Exercise aim. Write out, word for word, only the lines from the one with "cheap for discount" to the end of the data below.

Record extracts.
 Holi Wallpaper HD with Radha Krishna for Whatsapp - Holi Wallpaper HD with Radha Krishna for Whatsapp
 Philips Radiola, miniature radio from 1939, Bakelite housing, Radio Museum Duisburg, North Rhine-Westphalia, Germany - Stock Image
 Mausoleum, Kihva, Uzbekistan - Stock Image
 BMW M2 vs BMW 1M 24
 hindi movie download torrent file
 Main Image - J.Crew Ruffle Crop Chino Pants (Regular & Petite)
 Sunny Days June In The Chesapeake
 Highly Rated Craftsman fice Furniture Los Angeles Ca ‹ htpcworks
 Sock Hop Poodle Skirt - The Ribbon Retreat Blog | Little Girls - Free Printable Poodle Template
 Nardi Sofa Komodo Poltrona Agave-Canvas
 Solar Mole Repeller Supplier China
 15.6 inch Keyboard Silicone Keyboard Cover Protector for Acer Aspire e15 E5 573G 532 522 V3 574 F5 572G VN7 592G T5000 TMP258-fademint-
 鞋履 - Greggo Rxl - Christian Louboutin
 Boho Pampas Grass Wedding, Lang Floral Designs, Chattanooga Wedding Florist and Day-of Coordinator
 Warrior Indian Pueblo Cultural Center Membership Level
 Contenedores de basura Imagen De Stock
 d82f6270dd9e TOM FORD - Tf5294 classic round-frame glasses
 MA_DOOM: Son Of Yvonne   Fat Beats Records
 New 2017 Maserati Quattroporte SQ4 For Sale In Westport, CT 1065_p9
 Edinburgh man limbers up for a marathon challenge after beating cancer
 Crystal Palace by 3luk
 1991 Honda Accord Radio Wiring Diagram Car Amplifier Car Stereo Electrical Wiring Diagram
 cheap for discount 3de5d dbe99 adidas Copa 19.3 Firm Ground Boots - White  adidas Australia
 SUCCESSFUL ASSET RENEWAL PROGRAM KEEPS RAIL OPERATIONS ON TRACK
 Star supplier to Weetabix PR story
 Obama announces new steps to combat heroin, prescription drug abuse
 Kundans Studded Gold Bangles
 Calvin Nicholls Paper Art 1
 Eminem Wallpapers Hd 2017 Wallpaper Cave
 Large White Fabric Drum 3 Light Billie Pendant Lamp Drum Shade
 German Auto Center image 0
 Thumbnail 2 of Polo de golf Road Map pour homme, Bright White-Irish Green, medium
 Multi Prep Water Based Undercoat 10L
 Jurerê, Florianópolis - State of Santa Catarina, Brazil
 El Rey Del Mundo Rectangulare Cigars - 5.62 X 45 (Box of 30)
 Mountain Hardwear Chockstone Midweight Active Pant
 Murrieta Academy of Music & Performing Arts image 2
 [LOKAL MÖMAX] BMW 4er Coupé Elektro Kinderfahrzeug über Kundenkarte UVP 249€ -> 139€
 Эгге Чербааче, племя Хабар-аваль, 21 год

Completed task.
 cheap for discount 3de5d dbe99 adidas Copa 19.3 Firm Ground Boots - White  adidas Australia
 SUCCESSFUL ASSET RENEWAL PROGRAM KEEPS RAIL OPERATIONS ON TRACK
 Star supplier to Weetabix PR story
 Obama announces new steps to combat heroin, prescription drug abuse
 Kundans Studded Gold Bangles
 Calvin Nicholls Paper Art 1
 Eminem Wallpapers Hd 2017 Wallpaper Cave
 Large White Fabric Drum 3 Light Billie Pendant Lamp Drum Shade
 German Auto Center image 0
 Thumbnail 2 of Polo de golf Road Map pour homme, Bright White-Irish Green, medium
 Multi Prep Water Based Undercoat 10L
 Jurerê, Florianópolis - State of Santa Catarina, Brazil
 El Rey Del Mundo Rectangulare Cigars - 5.62 X 45 (Box of 30)
 Mountain Hardwear Chockstone Midweight Active Pant
 Murrieta Academy of Music & Performing Arts image 2
 [LOKAL MÖMAX] BMW 4er Coupé Elektro Kinderfahrzeug über Kundenkarte UVP 249€ -> 139€
 Эгге Чербааче, племя Хабар-аваль, 21 год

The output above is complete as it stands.